American film director and screenwriter (born 1928)

James Francis Ivory (born Richard Jerome Hazen; June 7, 1928) is an American film director, screenwriter, and producer. He was a principal in Merchant Ivory Productions along with Indian film producer Ismail Merchant (his domestic and professional partner) and screenwriter Ruth Prawer Jhabvala. The trio made film adaptations of stories by authors such as E.M. Forster and Henry James. Their body of work is celebrated for its elegance, sophistication, literary fidelity, strong performances, complex themes, and rich characters.

Merchant–Ivory was established in 1961 in India where they made modestly budgeted films including The Householder (1963), Shakespeare Wallah (1965), and Bombay Talkie (1970). Ivory began adapting films from classic novels such as The Europeans (1979), Quartet (1981), Heat and Dust (1983), The Bostonians (1984), Maurice (1987), and Mr. & Mrs. Bridge (1990). During this period he was nominated for the Academy Award for Best Director for A Room with a View (1985), Howards End (1992), and The Remains of the Day (1993). At the age of 89, Ivory won the Academy Award for Best Adapted Screenplay for his work on Luca Guadagnino's Call Me by Your Name (2017), becoming the oldest competitive Academy Award winner.

Ivory's accolades also include three BAFTAs, and a Writers Guild of America Award as well as nominations for three Golden Globe Awards. He received the Directors Guild of America Lifetime Achievement Award in 1995. Ivory released his autobiography Solid Ivory: Memoirs (2021) and directed the documentary A Cooler Climate (2022).

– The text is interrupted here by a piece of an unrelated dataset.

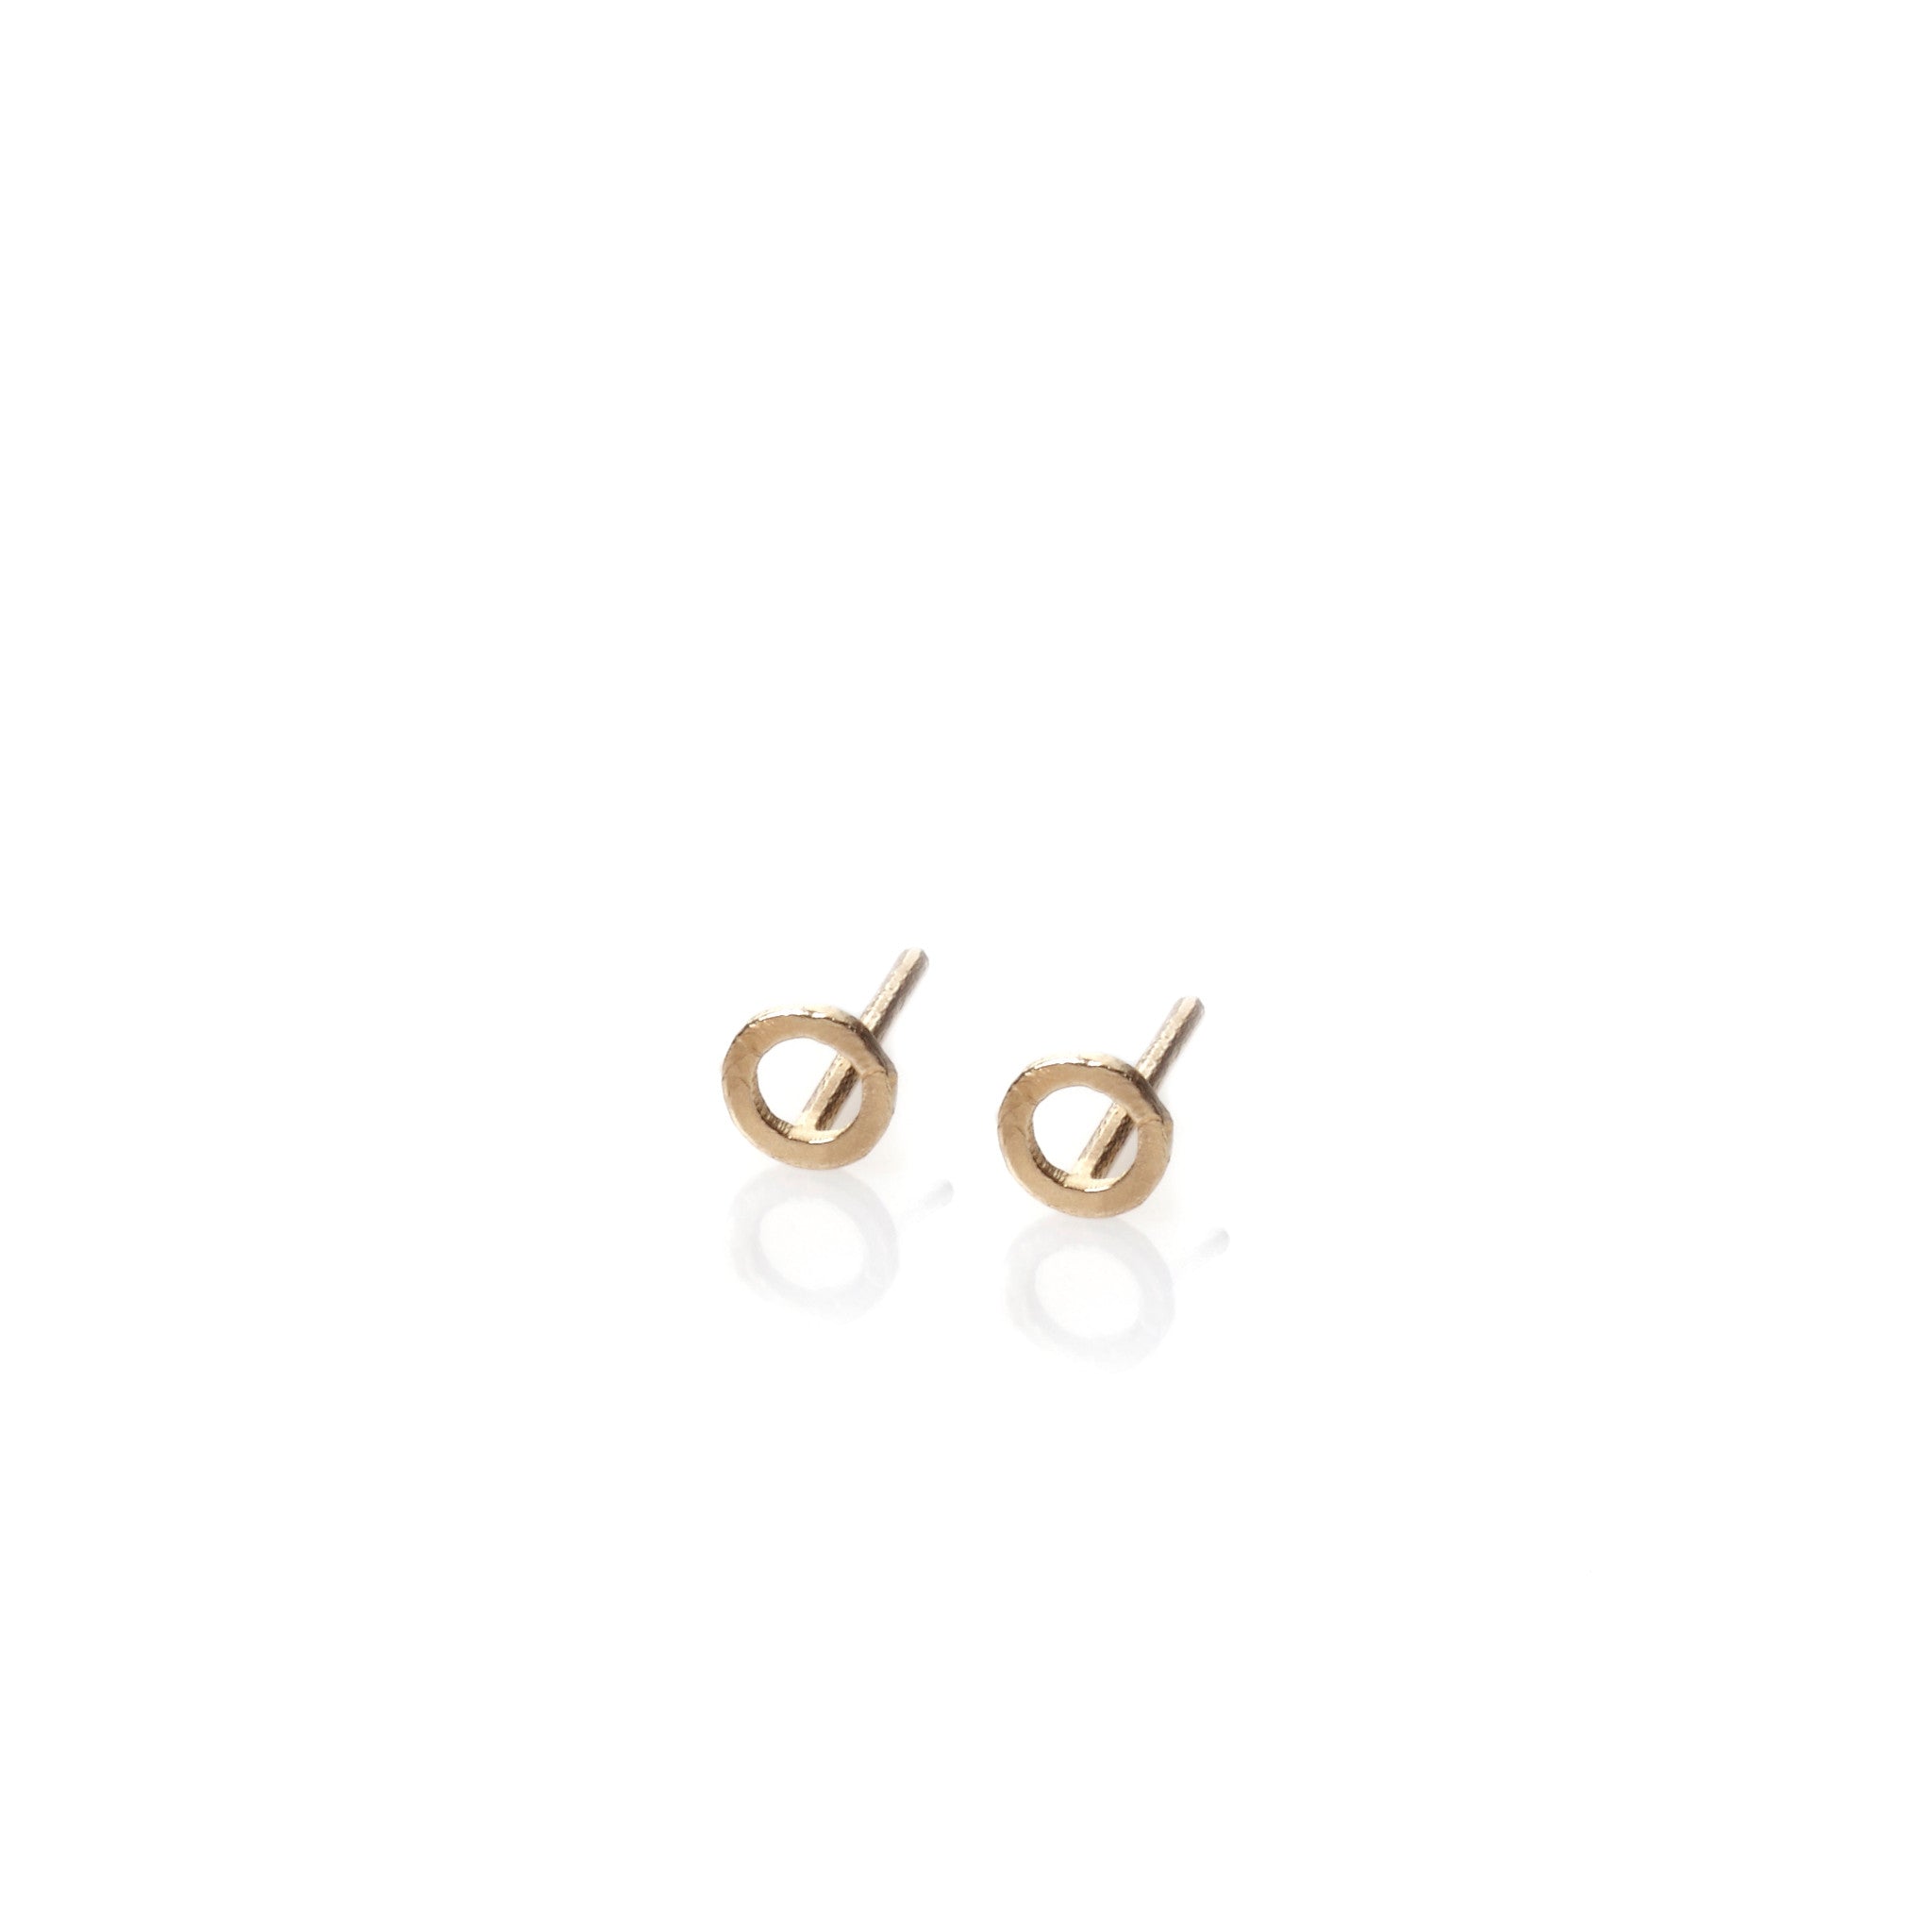 Circle - 14k gold studs earrings

==Early years and education==
James Ivory was born Richard Jerome Hazen on June 7, 1928, in Berkeley, California, and adopted shortly after birth by Hallie Millicent (née de Loney) and Edward Patrick Ivory, a sawmill operator; who renamed him James Francis Ivory. He grew up in Klamath Falls, Oregon. He attended the University of Oregon, where he received a degree in fine arts in 1951. Ivory is a recipient of the Lawrence Medal, UO's College of Design's highest honor for its graduates. His papers are held by UO Libraries' Special Collections and University Archives. He was UO's 2019-2020 honorary degree recipient.

Ivory then attended the University of Southern California School of Cinematic Arts, where he directed the short film Four in the Morning (1953). He wrote, photographed, and produced Venice: Theme and Variations, a half-hour documentary submitted as his thesis film for his master's degree in cinema. The film was named by The New York Times in 1957 as one of the ten best non-theatrical films of the year. He graduated from USC in 1957.

== Career ==

=== 1959–1978: Beginnings and early films ===

Ivory met producer Ismail Merchant at a screening of Ivory's documentary The Sword and the Flute in New York City in 1959. In May 1961, Merchant and Ivory formed the film production company Merchant Ivory Productions. Merchant and Ivory became long-term life partners. Their professional and romantic relationship commenced in 1961 and continued until Merchant's death in 2005.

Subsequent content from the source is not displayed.